Hosea 11:1-11 | Food for Thought

 

Questions

  • The love, compassion, and steadfastness of the Lord is put on full display in this passage.

    • If you’ve been keeping up with Hosea so far, how does the tone of God’s words in this passage strike you in comparison (or contrast!) to the others?

  • This passage - especially situated within a judgment-heavy book! - says a lot about the Lord. His heart “recoils.” His compassion “grows warm and tender.” His promises to “not again destroy Ephraim.”

    • How do you square his judgment against sin (which he sees through!) with his promise to not destroy them again?

    • How can God’s heart “recoil?”

    • What does all this tell you about the Lord himself? (Who he is, what he’s about, the way he relates with real people in the real world against the backdrop of sin, righteousness, and promises, etc.)
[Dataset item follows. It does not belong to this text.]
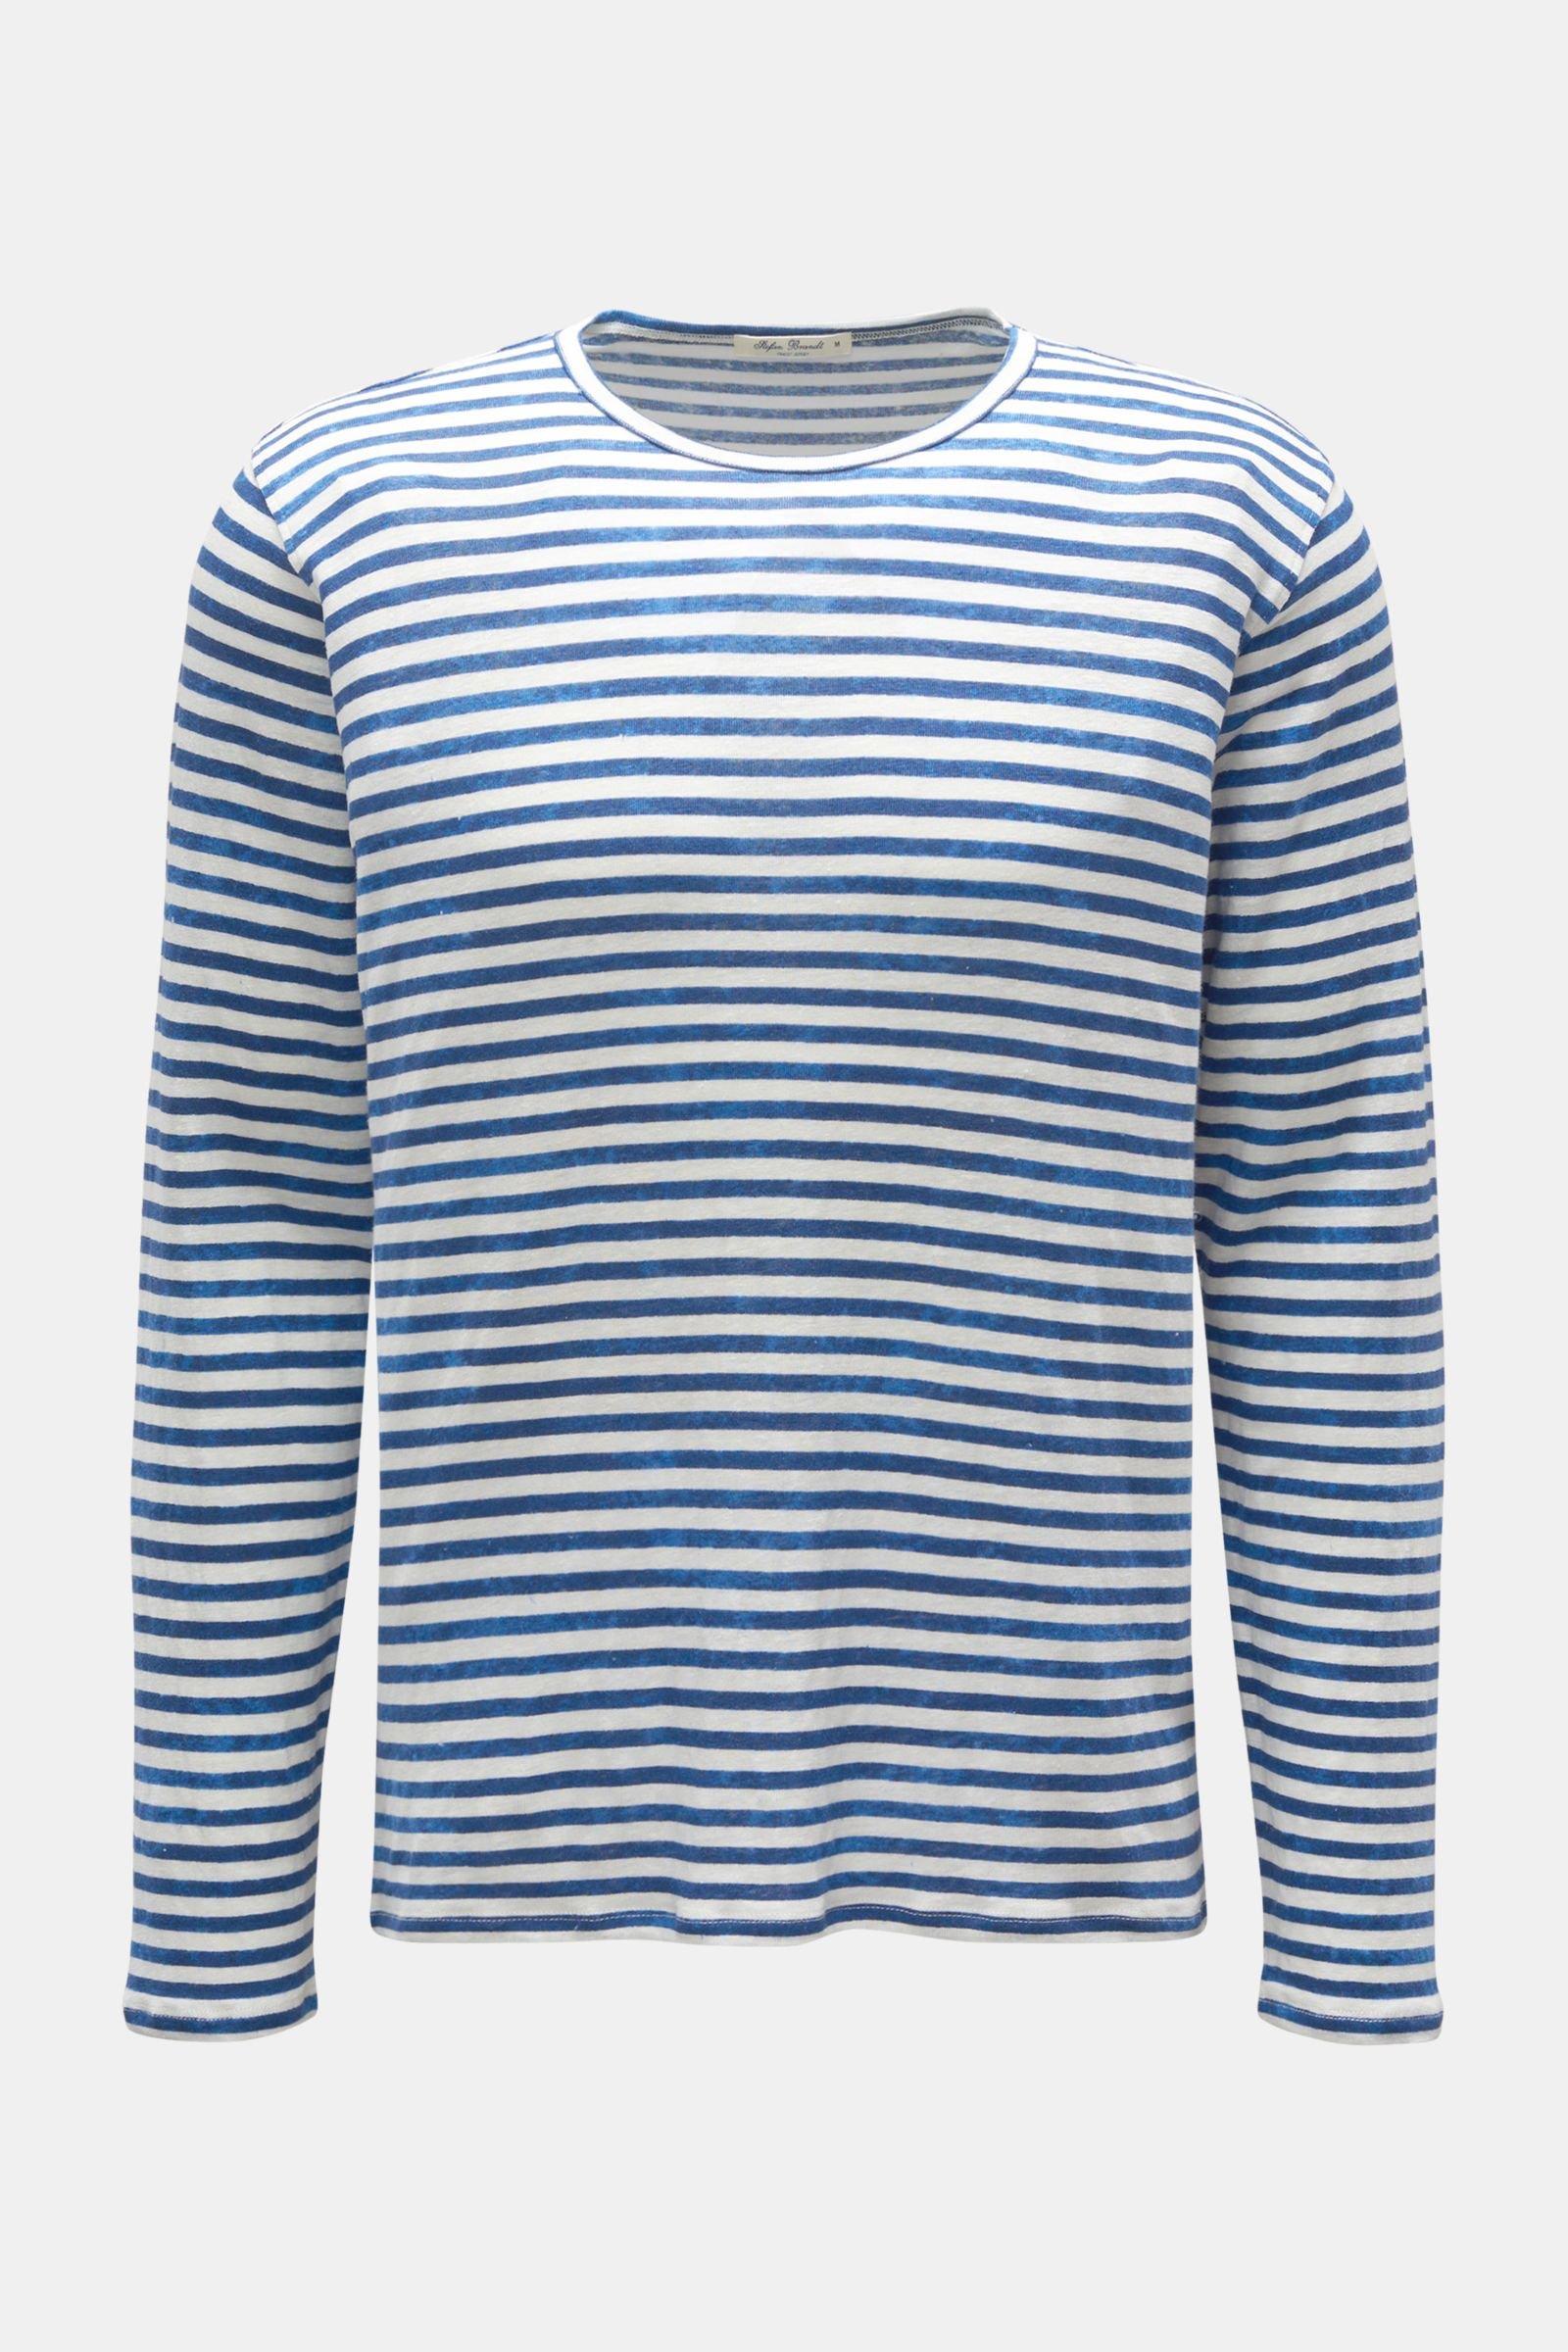 Linen long sleeve blue/white striped

    • How does the gospel make sense of the Lord’s committment to justice and his commitment to mercy? How do love and justice work together in God’s kingdom?

  • We have several pictures of God using his strength for the good of his people. And yet, his people are “bent on turning away” from him. They more he calls, the more they seem to go away (v. 2). What does thish tell us about ourselves?

    • Evaluate your relationship with the Lord. Do you have frustrations, complaints, evidence against him that tell a different story of the way God uses (or doesn’t use) his strength for good?

    • What do you do with those complaints, etc. when you hear passages like this one that describe his goodness to others?

    • On the flip side, what are some ways that you’ve seen God use his strength, provision, and power in your own life?

  • This passage also depicts the ways in which God’s people use their strength in all the wrong ways - strength that came from the Lord! Are you more aware of the way others (people or the Lord) are using what they’ve got or the way you are using your strength?

    • If our bent is towards forgetting that everything we have (“learning to walk”) is from the Lord, how does this shape the way we assess the way God’s using his strength? How might we be skewed in our evaluation of how well God’s doing his job?

    • How do you combat the idea in your own mind that everything you have is yours to do whatever you want with?

    • What are ways that you love letting the Lord be your strength / giving what God’s given you for his purposes?

    • What things are easy for you to forget are gifts? What are you prone towards just using however you want, in conflict / competition with the Lord?

  • This section begins with God describing his compassionate call to his people, as a father to a son or a shepherd to his flock. It ends with a loud declaration from him, like a roaring lion. How are the effects on God’s people different from one another?

    • What gospel assurance can be found in the way this passage ends?